The folks who bring you the Saturday morning Christian cartoon series VeggieTales make movies that appeal not just kids but, as the old Hebrew National kosher hotdog commercials used to say, “a higher authority.” They offer themselves as an alternative to the usual Hollywood fare, to the unending gratitude of parents and youthful fans, who could go toe-to-toe with Trekkies for loyalty and knowledge of lore. Just to show how un-Hollywood VeggieTales is, their second feature film, “The Pirates Who Don’t Do Anything,” which opens today, doesn’t try to capitalize on the runaway success of the “Pirates of the Caribbean,” trilogy, spoof Johnny Depp’s winsome Capt. Sparrow or even work in a guy with a removal eyeball. The story of three flunkies who work as busboys at a swashbuckling dinner-theater show about buccaneering heroes, “The Pirates Who Don’t Do Anything” is very much its own universe.

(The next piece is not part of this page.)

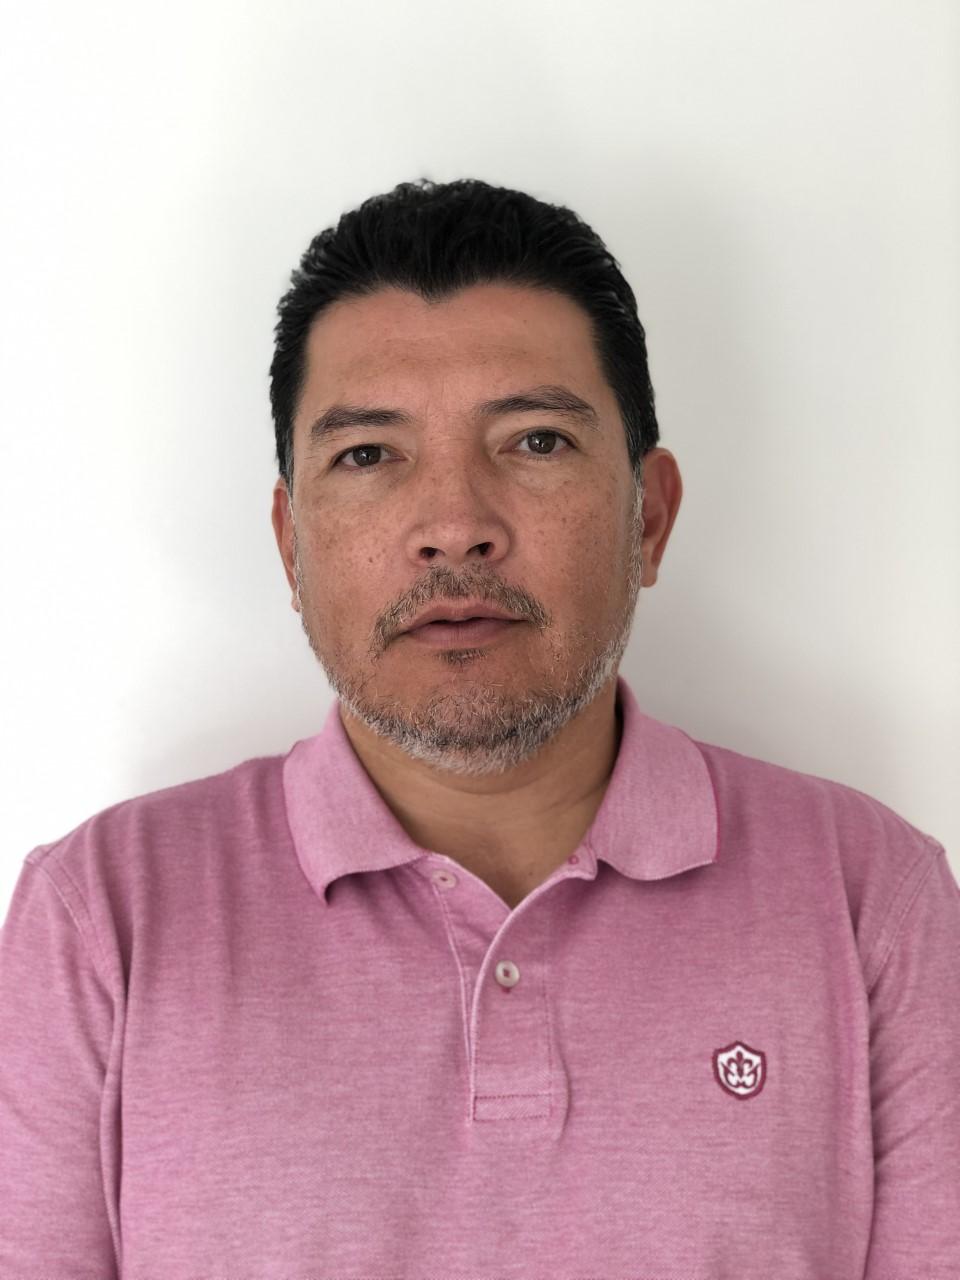 CPEF-T1A0620 -Carlos Alberto Cabanillas Quintero
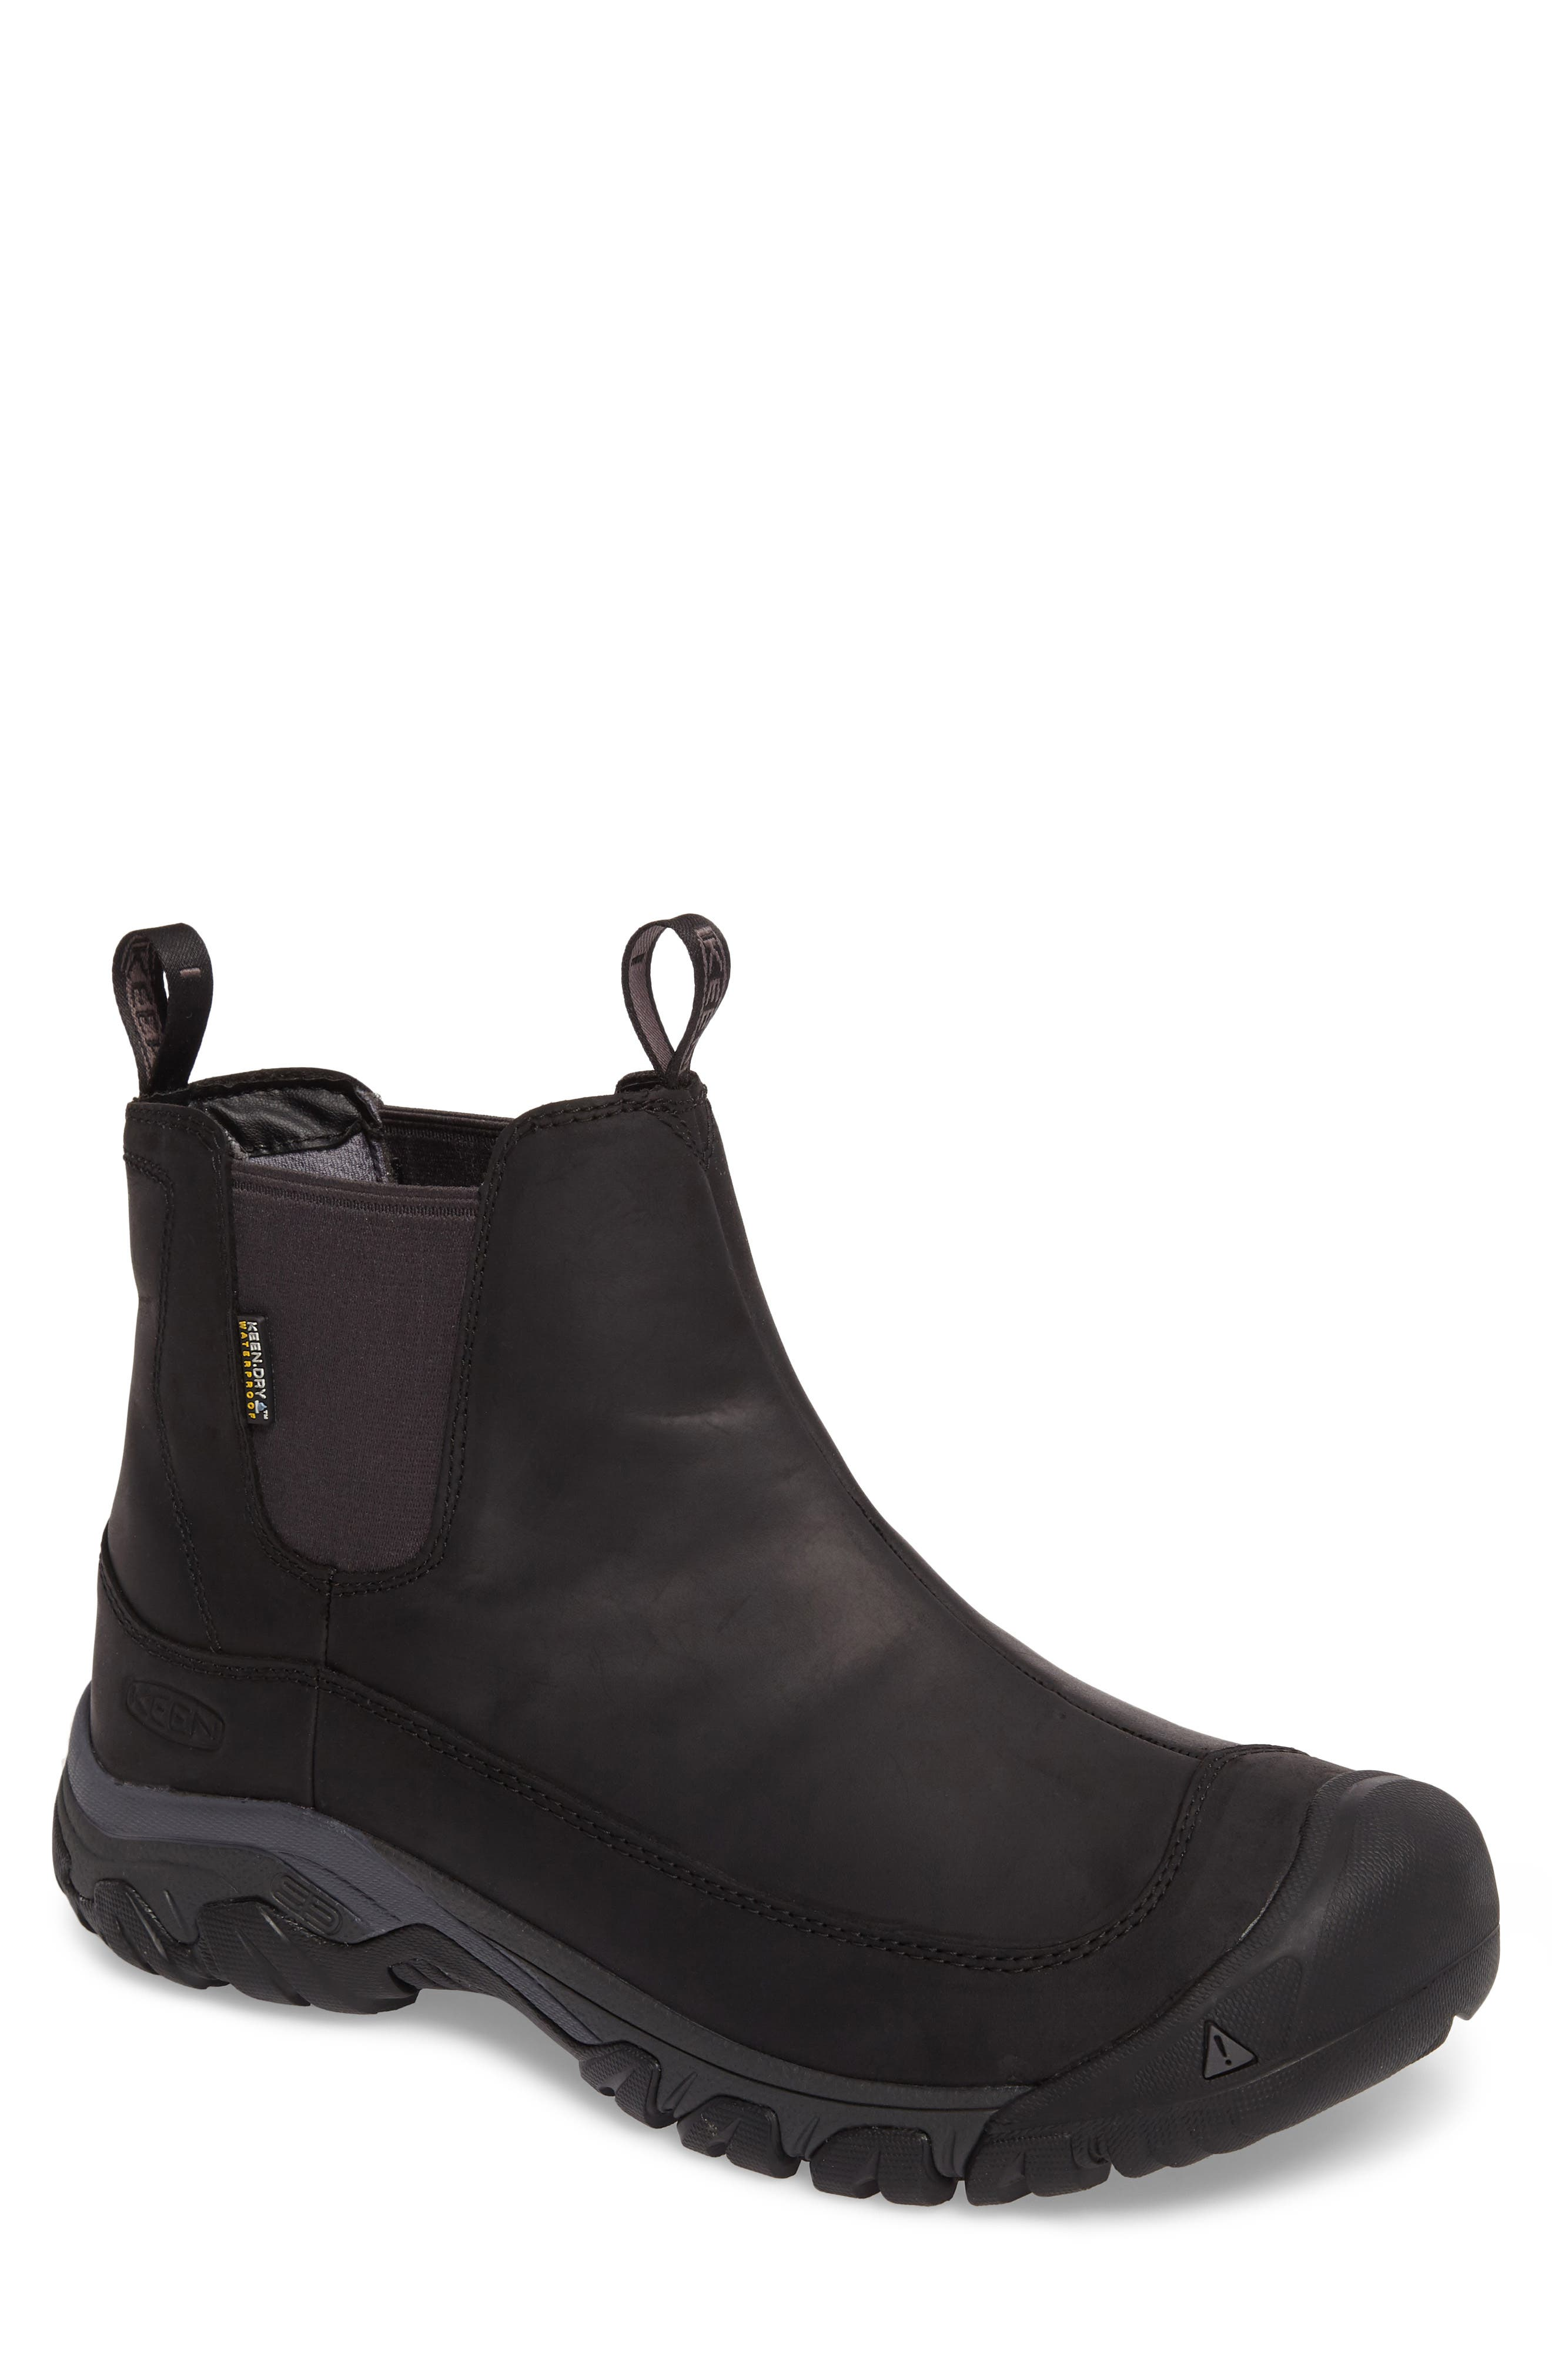 KEEN Anchorage II Waterproof Chelsea Boot, Main, color, 001

Which is a shame, since what knocks the wind out of the sails of this second big-screen effort from VeggieTales is the laborious construction of a world in which the hapless trio time-travel back to the days of privateers in the South Seas and rescue a princess from the clutches of Robert the Terrible, a zucchini who stumps around like Bluebeard. As aids to the plot, a mysterious compass-like contraption, a dinghy that falls from the sky at random moments and a convenient but otherwise unexplained soothsayer all creak louder than the spars of a brigantine.
Should you bring the kids? Sure: even mediocre VeggieTales is worth a foray with the minivan. Kids familiar with VeggieTales DVDs or their NBC show on Saturday mornings will be entranced by the irrepressible Larry the Cucumber, who steals the show as usual. The animation, a real leap forward for VeggieTales, includes an astonishing island where giant rocks get up and not only walk but eventually dance in a post-credits sequence. The lessons the kids will imbibe is more authentic than anything tacked on to “Enchanted.” A subplot about a greedy junkfood addict who ends up almost being consumed by his favorite cheese crinkles is worth a hundred lectures on why broccoli is good for you.

But the team of Mike Nawrocki, who directed, and Phil Vischer, who wrote the screenplay, have yet to create a movie that rivals the genius of their best small-screen stories. Classics like “The Fib from Outer Space” or the minor masterpiece “Sumo of the Opera”—which manages to tangle “Phantom,” “Rocky,” and Mr. T—succeed because they critiques of Hollywood as much as provide ennobling Bible lessons. We count on VeggieTales to point out the flaws and foibles of our culture as it offers relief from it. It’s a natural, necessary and prophetic stance for Christians to take, and Nawrocki and Vischer oughtn’t shy from it.